Will McCain get any traction from latest Acorn allegations?

WASHINGTON — John McCain's campaign charged Friday that a liberal-leaning voter registration coalition is seeking to "steal votes" in next month's presidential election and alleged that Democrat Barack Obama has had a long and "intimate" relationship with the group.

Republicans have leveled similar allegations against the coalition known as Acorn in every election since at least 2000, but they have yet to produce proof that the group poses a threat to election integrity.

In its latest attack on Acorn, the McCain campaign provided no evidence that registration shenanigans by Acorn workers were more than an attempt by low-wage canvassers to meet daily quotas by filling out application forms with names from phone books or pro-football lineups.

McCain aides again sought to make a central issue of Acorn — the Association for Community Organizations for Reform Now — days after Nevada investigators raided the group's Las Vegas offices to pursue evidence that some of its registration workers had submitted fraudulent applications.

However, Nevada Secretary of State Ross Miller, a Democrat who ordered the seizure of Acorn records Tuesday, said he doubts that the phony forms will result in voter fraud. Although the Clark County, Nev., registrar has complained of similar problems for years, Miller said, no one has identified "a single instance of someone posing as somebody else and casting an illegal ballot."

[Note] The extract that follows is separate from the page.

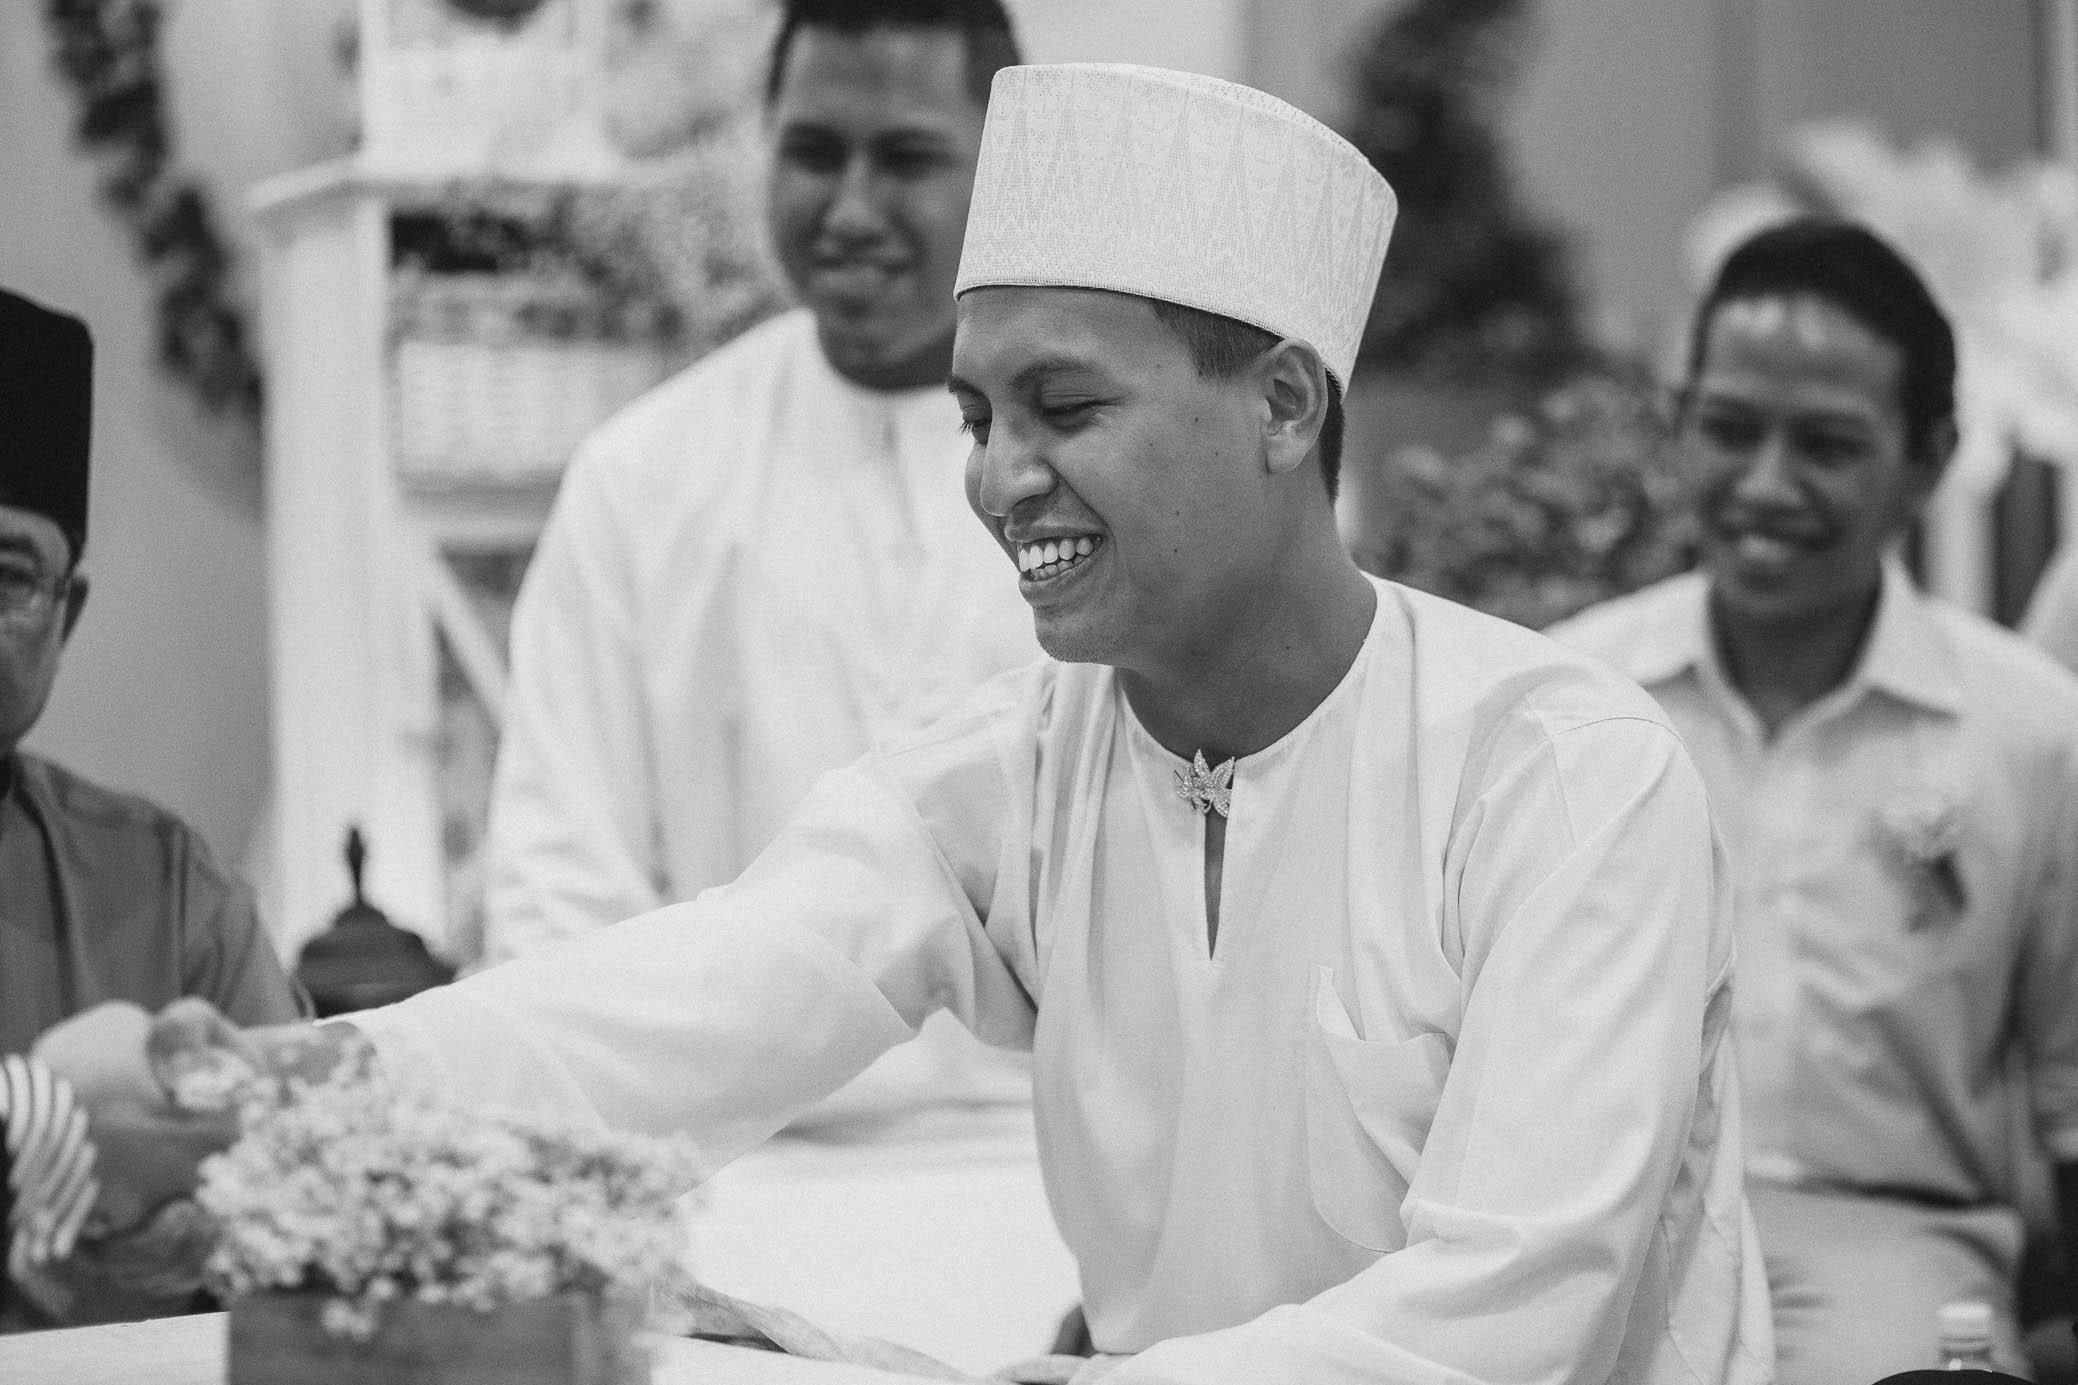 singapore-wedding-photographer-malay-indian-pre-wedding-travel-wmt-2015-alif-ethel-30.jpg
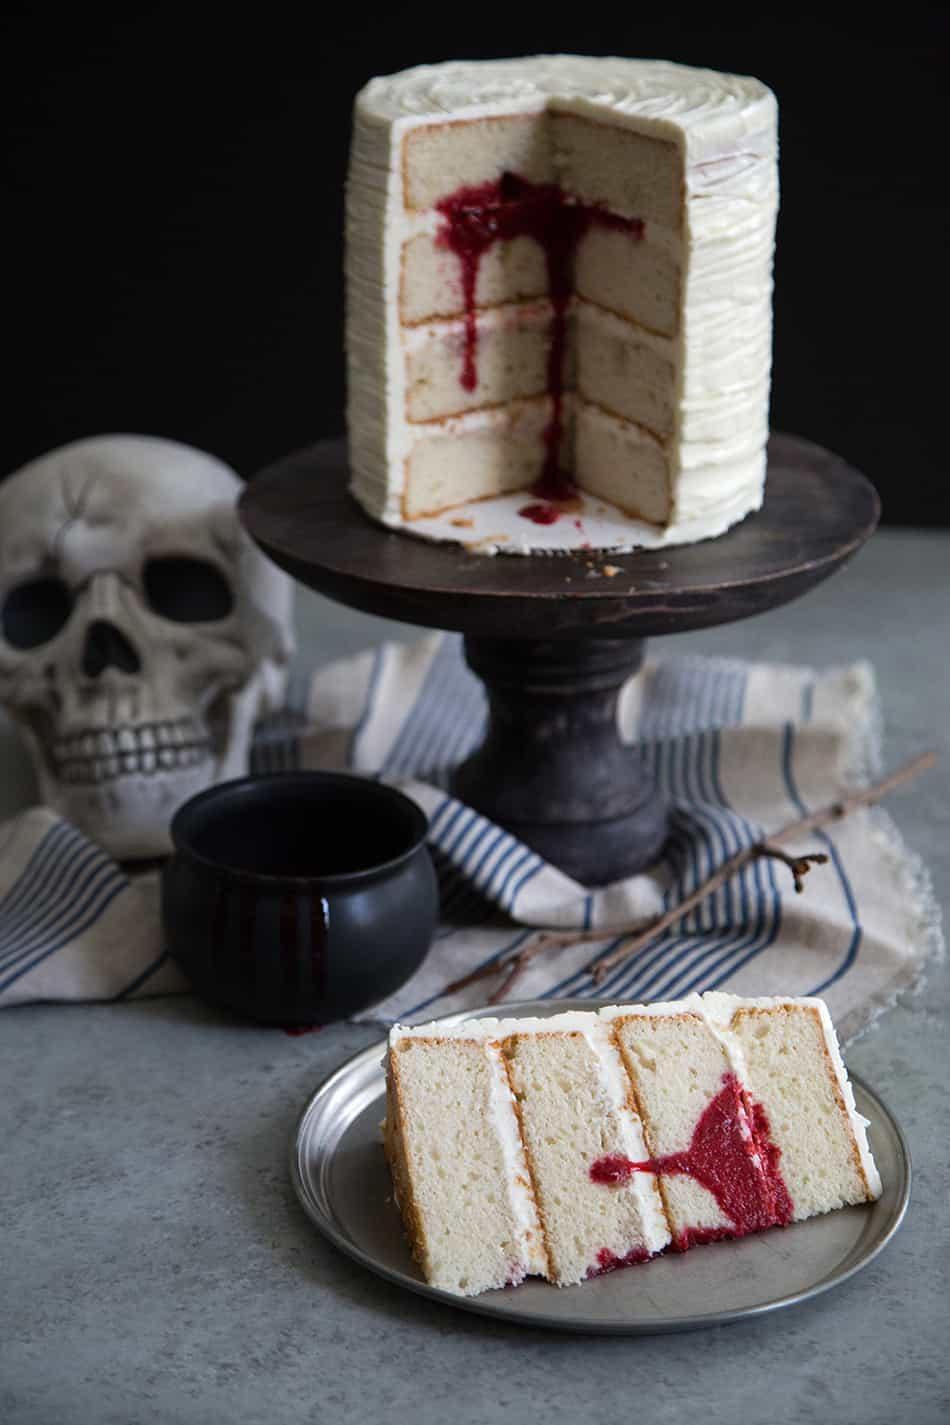 Surprise Bloody Cake Vanilla Cake Wtih Raspberry The

The Nevada investigation, however, is a source of embarrassment to Acorn.

Acorn officials said they fired a number of workers and turned over evidence to Nevada officials months ago after they discovered phony forms.

Miller said that Acorn's Las Vegas staff included 59 convicts on prison release, some with records of identity theft. He said he'd call next week for a state inquiry to examine how such prisoners wound up in voter registration jobs allowing them access to people's names, addresses and birth dates.

Chris Edwards, manager of Acorn's voter registration drive in Nevada, said that the state Department of Corrections asked the group to hire prisoners from its work-release program.

On Friday, the Republican National Committee launched a TV ad and a Web site that links Acorn to Obama, who ran a voter registration drive on Chicago's South Side in 1992 for a group that now funds Acorn. The 1992 effort registered a record 150,000 new voters.

Obama also did legal work for Acorn in a suit to compel the city of Chicago to comply with federal voting-rights laws and spoke to a training sessions for Acorn leaders.

McCain's campaign manager, Rick Davis, said an $830,000 payment by the Obama campaign to Citizens Services Inc., a separate nonprofit whose Chicago offices are in the same building as Acorn's, was evidence of a "cozy" relationship with Obama.

Acorn said that Citizens Services has contracted to do field work in turning out voters for a variety of candidates and labor unions and that the group hired some Acorn staff for a brief period during the primary campaign to help supervise its door-to-door work.

Acorn's registration efforts, aimed at poor and minority urban voters who tend to vote for Democrats, have posed a growing challenge to the Republican Party, which in recent years increasingly has accused the group of "voter fraud."

Project Vote, the separate voter-registration group that finances Acorn, is promoting this year's effort as the most successful in history by a single group, with some 13,000 workers flooding county election offices in 21 states with 1.3 million applications.

In a conference call with reporters, Republican Gov. Matt Blunt of Missouri and McCain's manager Davis contended that Acorn has submitted phony registration forms in nearly every presidential battleground state.

"The only reason to commit registration fraud is to then commit voter fraud on Election Day . . . which robs people who are playing by the rules," Blunt said. He said that a dozen Acorn workers were prosecuted in 2006 and 2007 in Missouri for allegedly submitting fraudulent registration applications.

The indictments of four of those workers five days before the 2006 election became part of the scandal last year over politicization of the Justice Department under then-Attorney General Alberto Gonzales. The interim U.S. Attorney in Kansas City, Mo., Bradley Schlozman, was one of several Republican U.S. attorneys who were under pressure from the Bush administration to bring voter-fraud prosecutions.